То, что летописец называет «хотением» Марфы, попытался объяснить дьяк Иван Тимофеев. Пытливо исследовавший в своем «Временнике» психологию человеческих поступков, он нашел иные мотивы поведения царской вдовы, еще не старой женщины, лишившейся единственного сына. Дьяк подробно описывает полное невзгод и лишений житье Марфы в монастыре: «…против ее воли поселил в некий монастырь, находящийся… в месте пустом, непроходимом и безводном, лишенном всякого телесного утешения; и приказал заточить ее там в бедности, лишив того, что необходимо телу, и не только всего этого самого нужного, но и, по сравнению с рабами, — даже пищи, сосудов и одежд и прочего, что необходимо было дать… Таких нужд не терпит и ничтожнейшая чета рабов, а тем более вдовы таких царственных государей… Здесь ее не могла развеселить никакая радость, тем более присоединение лишней досады к материнской скорби об убийстве»[118]. Перспектива возвращения в Москву, пусть и в монастырь, но в кремлевский, возможность вызволить из опалы родственников и снова видеться с ними — ради этого бывшая царица готова была признать в самозванце своего сына.
Существует и еще одно объяснение ее поступка. Не месть руководила ею — Годунов и его семья уже отошли в мир иной, суд Божий свершился над ними; не стремление вернуться в царские покои — она давно уже отвыкла от мирской суеты в монастыре; не страх — что может устрашить женщину, бывшую супругой самого Ивана Грозного, к тому же способную не убояться допросов у Годунова? — но единственно жалость к безродному сироте, ждущему от нее сострадания, мягкость сердца матери, безвременно потерявшей сына.
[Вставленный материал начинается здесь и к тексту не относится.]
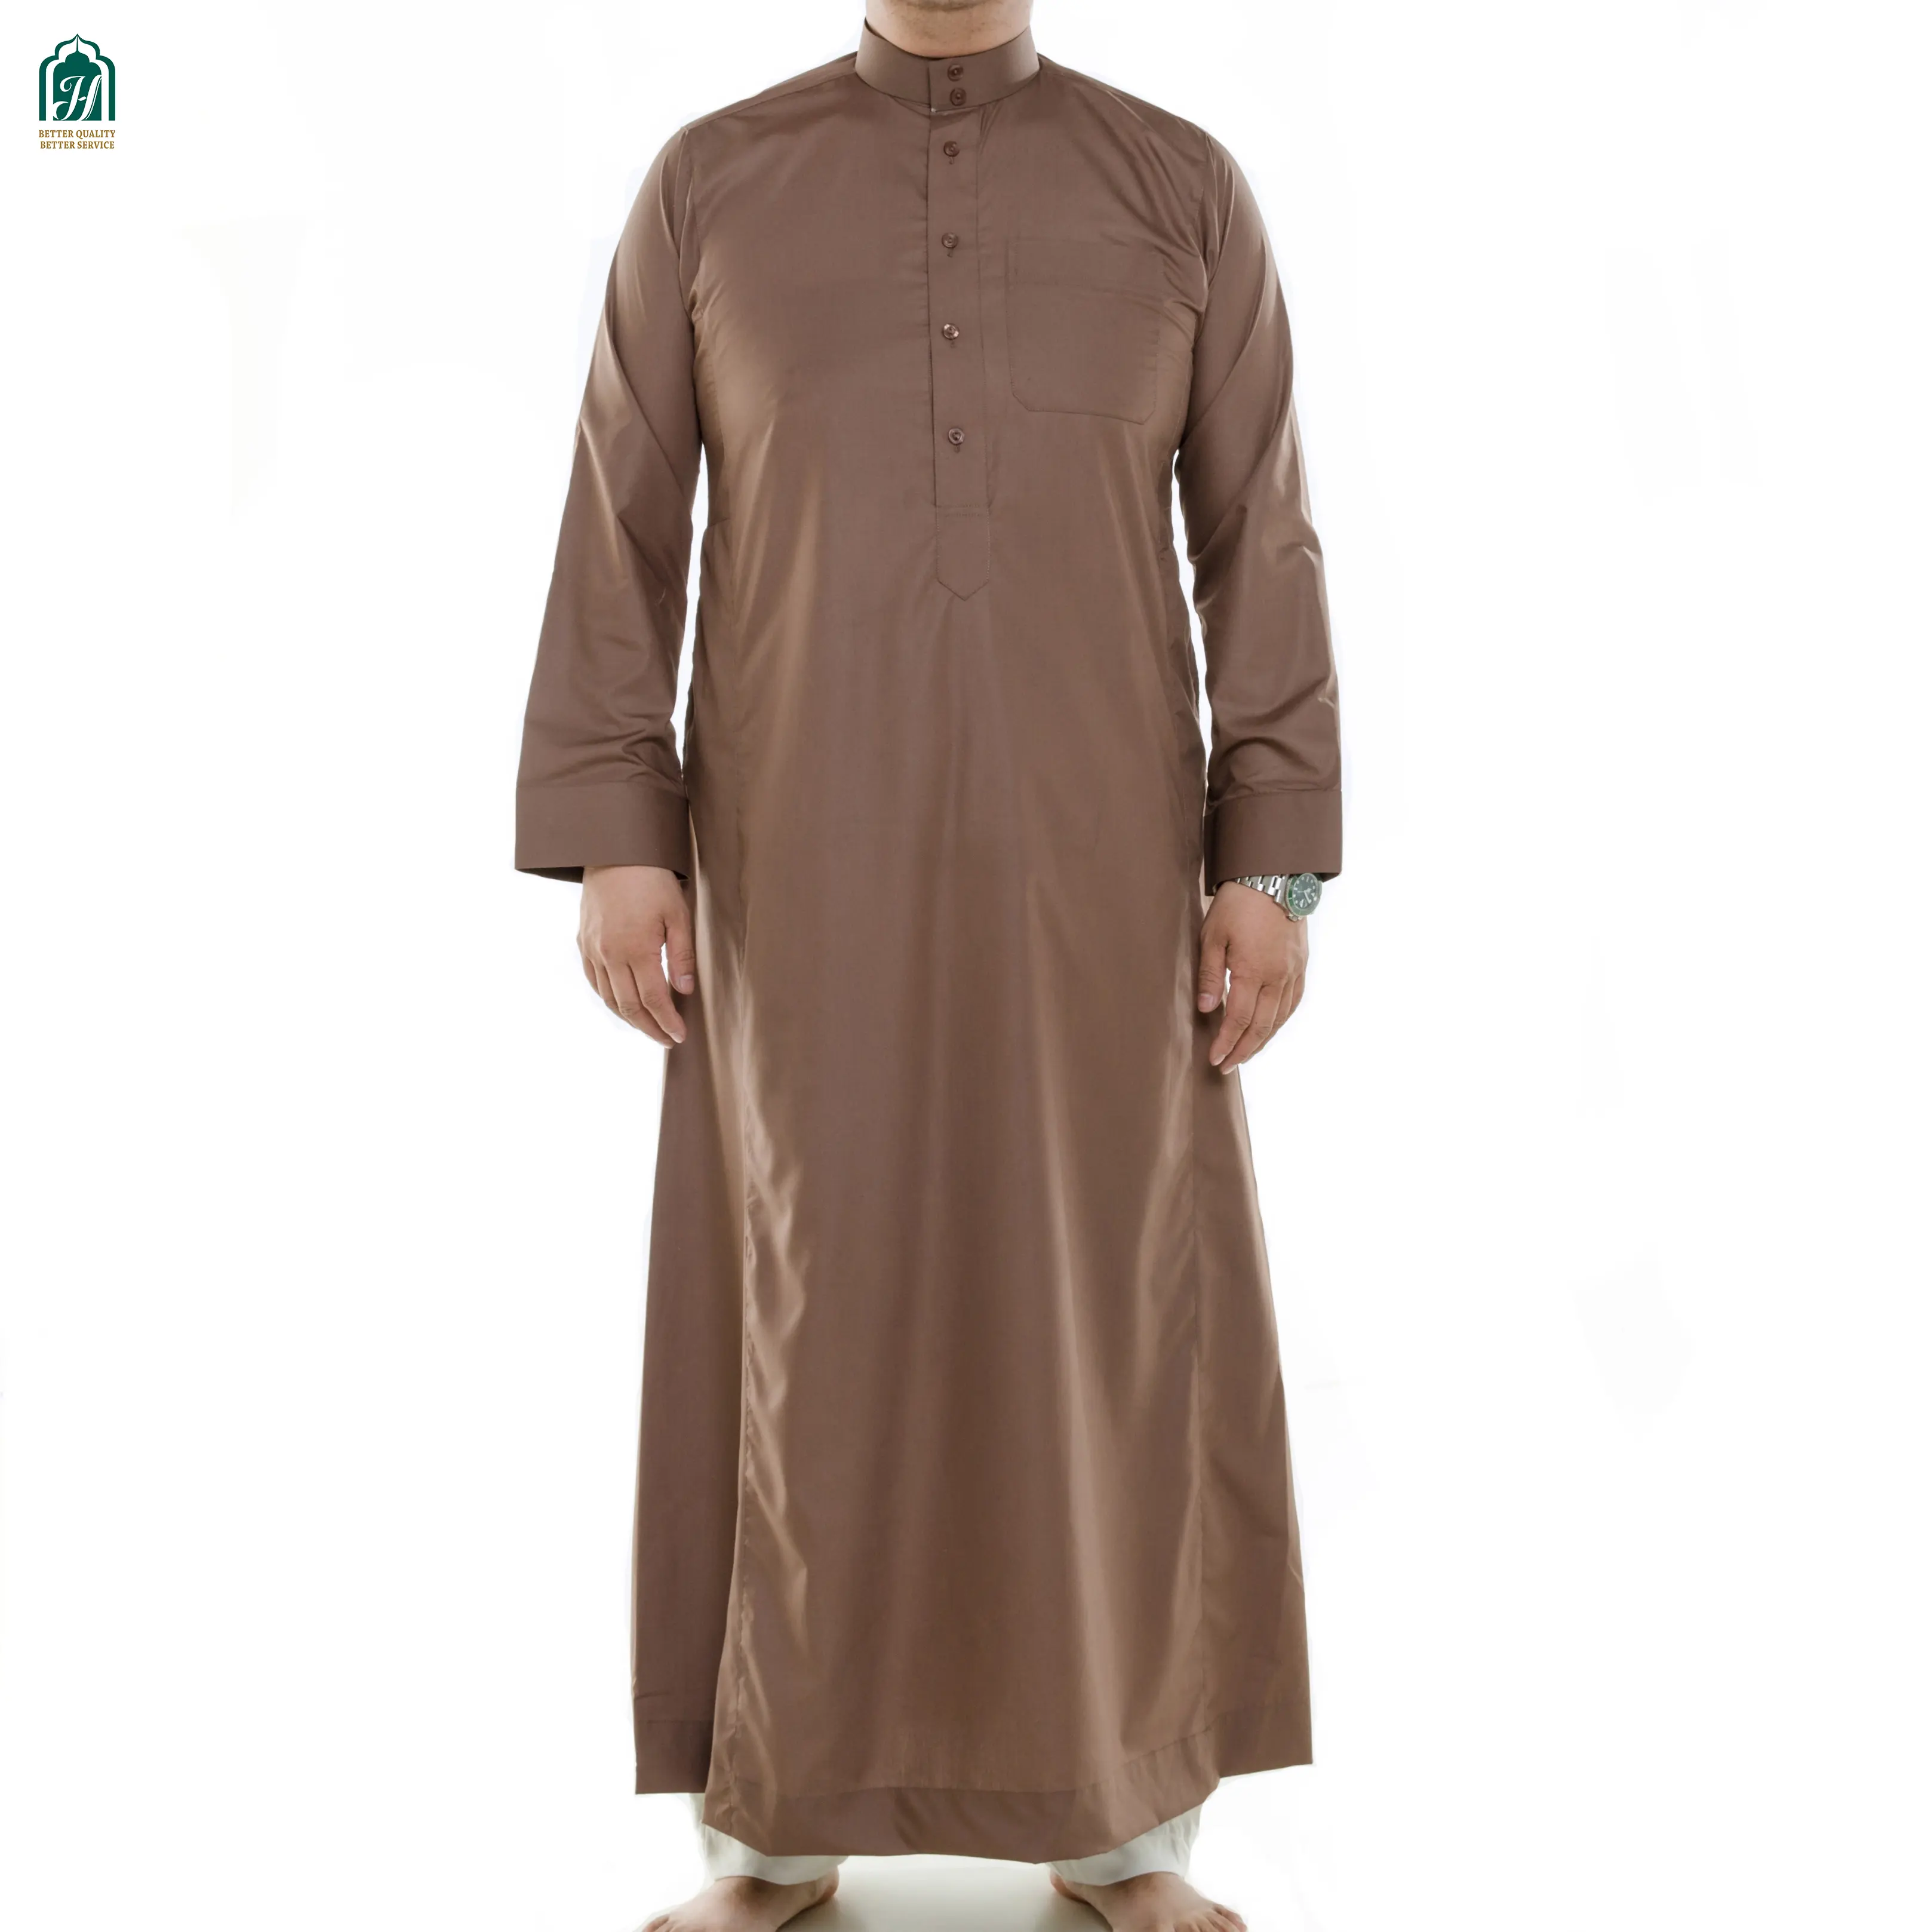 カフタン男性イスラム教徒トーベイスラムアラビア服長袖シャツトップスローブサウジアラビア伝統的な衣装男性イスラム教徒のガウン

Этот мотив назвал драматург А. Н. Островский в своей пьесе «Дмитрий Самозванец и Василий Шуйский»:
Ты сирота, без племени и рода!
Я ласк твоих не отниму у той…
Другой!.. Она, быть может, втихомолку,
В своем углу убогом, пред иконой
О милом сыне молится украдкой?
Иль здесь, в толпе народной укрывает
Лицо свое, смоченное слезами,
И издали, дрожащею рукою
Благословляет сына?
Дмитрий:
Нет! О нет!
Царица Марфа:
Одна ли буду матерью твоей,
Одна ль любить тебя, меня одну ли
Полюбишь ты?
Дмитрий:
О да! Одну тебя!
Ты назовись лишь матерью — я сыном
Сумею быть таким, что и родного
Забудешь ты, —
говорит самозванец А. Н. Островского. Так драматург гениальным чутьем обнаружил еще один возможный, но ускользнувший от внимания историков мотив поступка старицы Марфы.